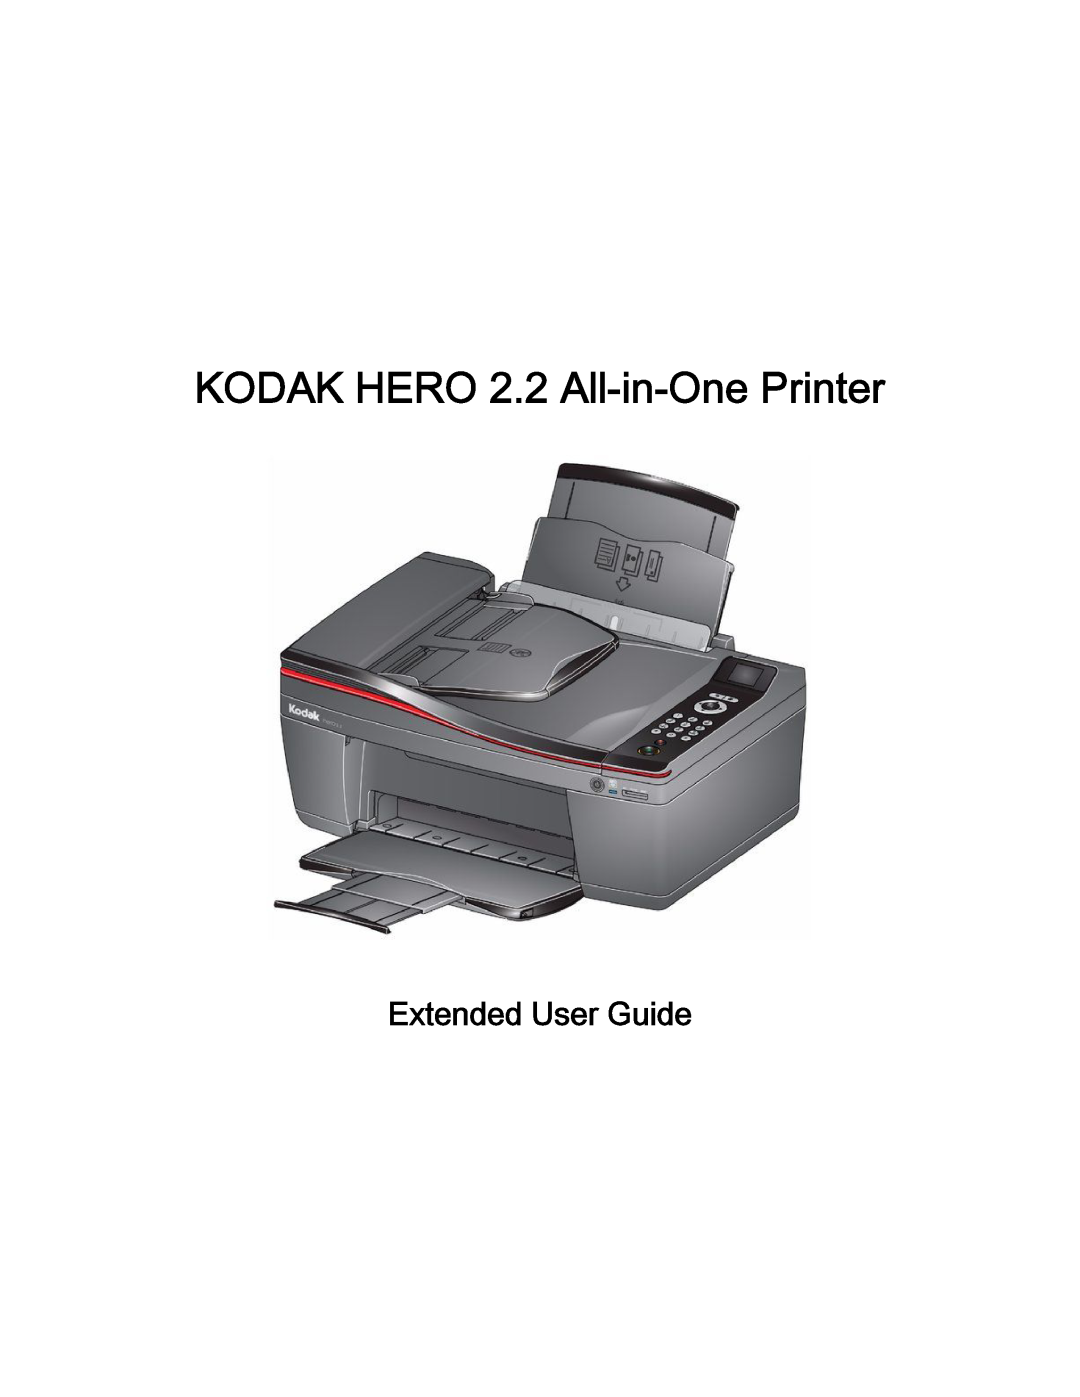 Kodak manual KODAK HERO 2.2 All-in-One Printer, Extended User Guide 
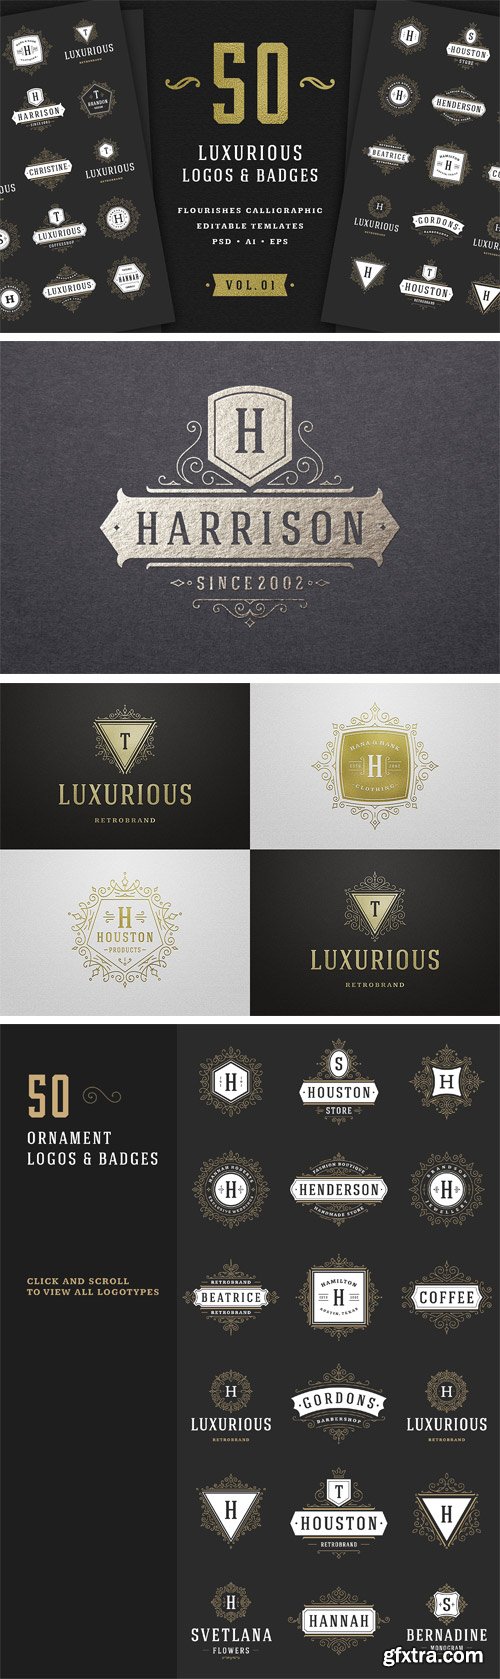 CM 1555868 - 50 Luxurious Logos & Badges
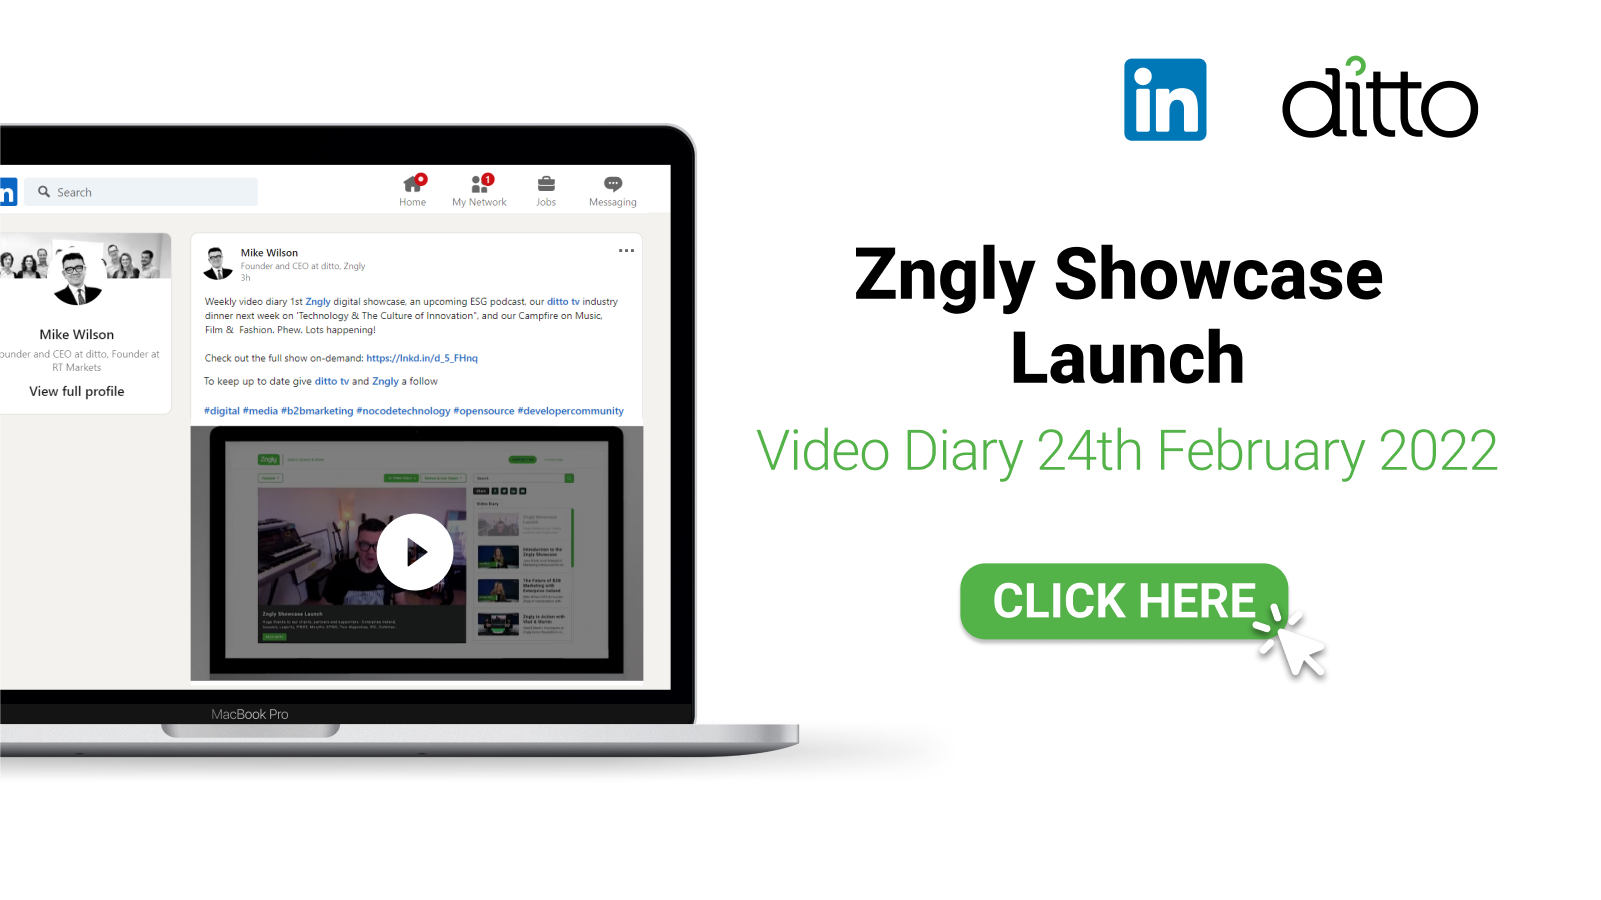 Zngly Showcase Launch
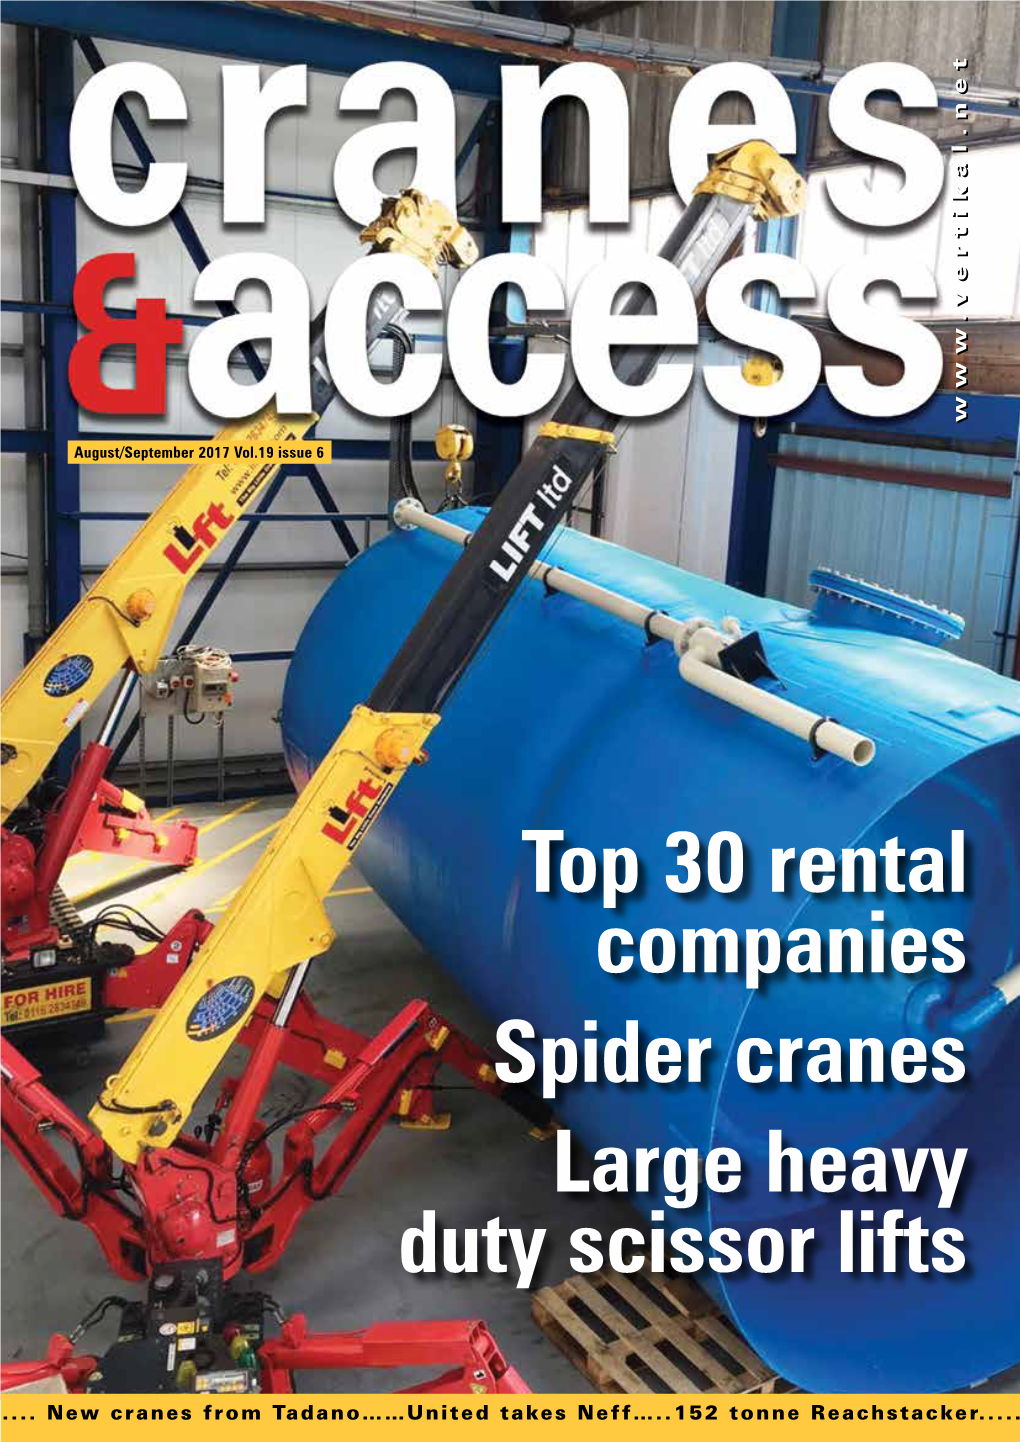 Top 30 Rental Companies Spider Cranes Large Heavy Duty Scissor Lifts

————————

• WORK ORDER: Copy the data verbatim, skipping any image it holds.

• TASK ANSWER:
 Kodak manual KODAK HERO 2.2 All-in-One Printer, Extended User Guide 
 CM 1555868 - 50 Luxurious Logos & Badges
 Zngly Showcase Launch
 Top 30 Rental Companies Spider Cranes Large Heavy Duty Scissor Lifts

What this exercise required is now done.